The Nigeria Power Market size in terms of installed base is expected to grow from 15.45 gigawatt in 2025 to 28.05 gigawatt by 2030, at a CAGR of 12.68% during the forecast period (2025-2030).

The expansion reflects renewed policy momentum behind the federal 30-30-30 roadmap, state-level licensing reforms, and accelerating investment in both utility-scale and distributed assets. Thermal capacity still dominates because abundant domestic gas keeps generation costs below diesel, yet solar, wind, and hydro projects are scaling quickly as foreign investment, concessional finance, and pay-as-you-go business models close long-standing affordability gaps. Liquidity constraints, high technical and commercial losses, and currency depreciation remain clear hurdles, but targeted subsidies, smart-meter rollouts, and a foreign-exchange hedging window are beginning to improve cost recovery. Infrastructure vandalism continues to curb wheeling capacity, prompting utilities to deploy community engagement programs and round-the-clock surveillance. At the same time, private developers are concentrating on embedded and state-licensed projects that avoid the stressed national grid, ensuring that fresh capacity additions feed directly into bankable offtake arrangements. The convergence of these supply-side and regulatory shifts sets the stage for a deeper and more diverse Nigeria power market over the next five years.[1]Federal Ministry of Power, “Nigeria Electrification Roadmap,” power.gov.ng

Key Report Takeaways

  • By power source, thermal generation held 77.9% of the Nigeria power market share in 2024, while renewables are projected to advance at a 26.3% CAGR through 2030.
  • By end user, utilities accounted for 69.1% of the Nigeria power market size in 2024, whereas commercial and industrial demand is forecast to expand at a 17.1% CAGR to 2030.

Segment Analysis

By Power Source: Gas Anchors Thermal Dominance While Solar Scales

Thermal technology supplied 77.9% of installed capacity in 2024, making it the backbone of the Nigeria power market. Natural gas plants contributed more than 90% of thermal generation thanks to abundant reserves, flexible operating profiles, and fuel prices held at USD 2.50 per million British thermal units. The Nigeria power market size for gas plants is poised to expand further when the Ajaokuta-Kaduna-Kano pipeline adds 2.2 billion cubic feet per day of feedstock in 2025. Geregu’s 765 MW combined-cycle upgrade will push plant efficiency to 52% and lower variable costs, a move likely to influence other operators that still run open-cycle turbines. Coal remains marginal, supplying only 3% of thermal output because compliance costs and community opposition deter expansion.
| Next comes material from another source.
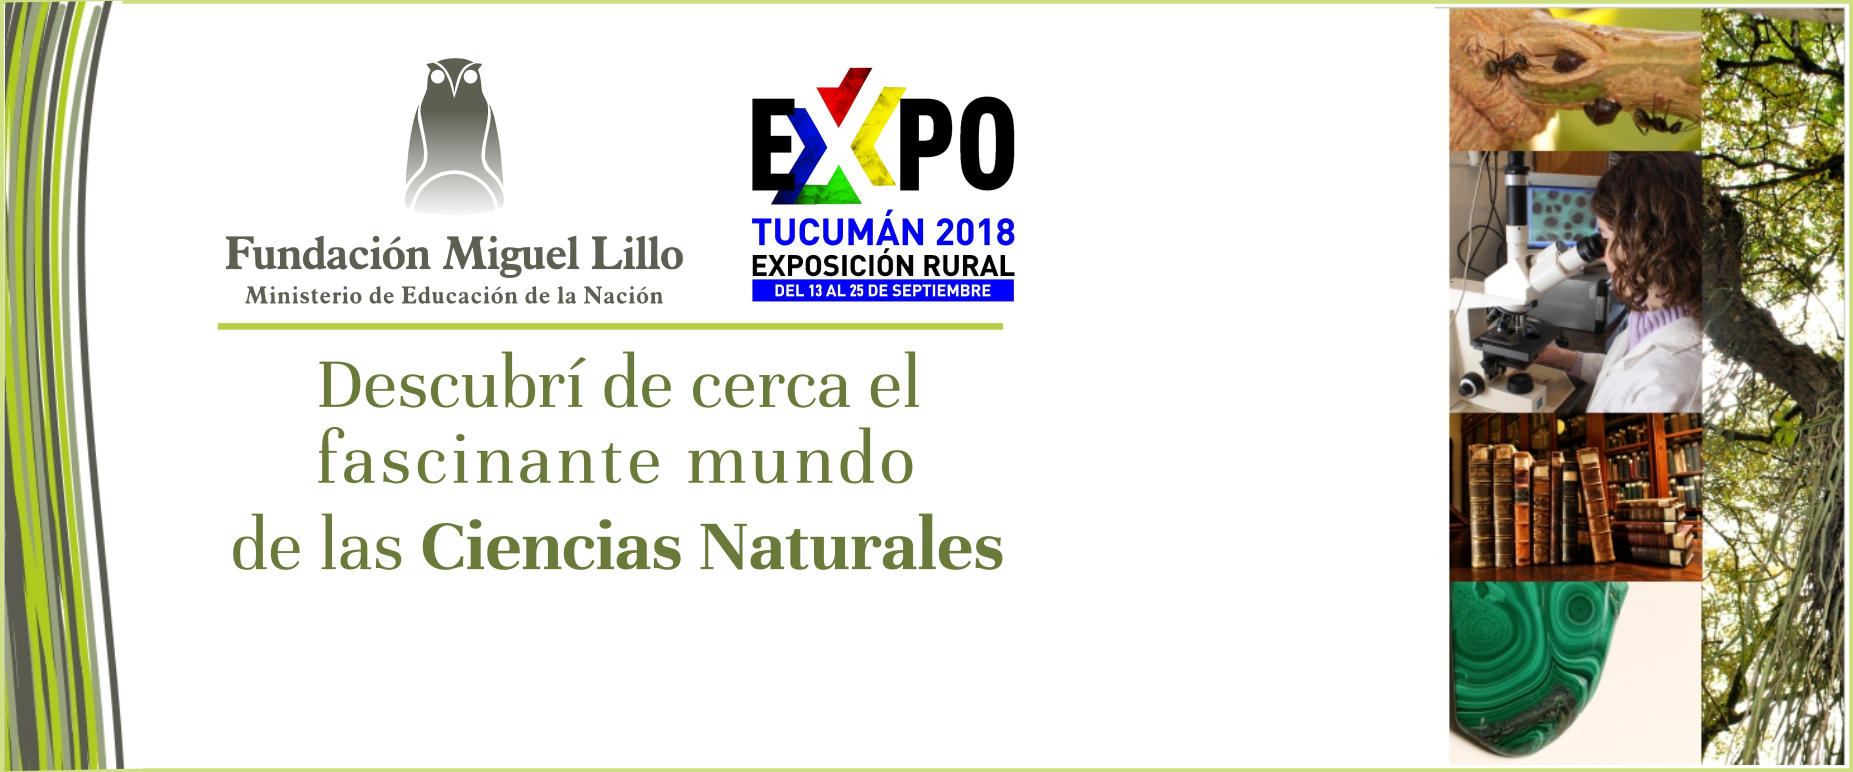 Fundación Miguel Lillo en la EXPO 2018

Renewable energy is on a sharp ascent with a 26.3% CAGR through 2030, positioning the segment as the fastest-growing part of the Nigeria power market. Solar capacity stood at 850 MW in 2024, split between 320 MW utility scale and 530 MW distributed systems, and licensing approvals issued in 2024 point to a near-term pipeline above 1.8 GW. Hydroelectric dams contributed 12% of generation but face dry-season volatility, making solar and wind particularly attractive for diversification. The Nigeria power market share held by renewables will rise once licensed wind projects in Plateau and Adamawa States come online, once rehabilitation raises capacity factors at Kainji and Jebba dams. Early-stage nuclear projects, if advanced, could claim 8% of capacity by 2030, but they are unlikely to influence dispatch until site preparation and financing milestones are cleared.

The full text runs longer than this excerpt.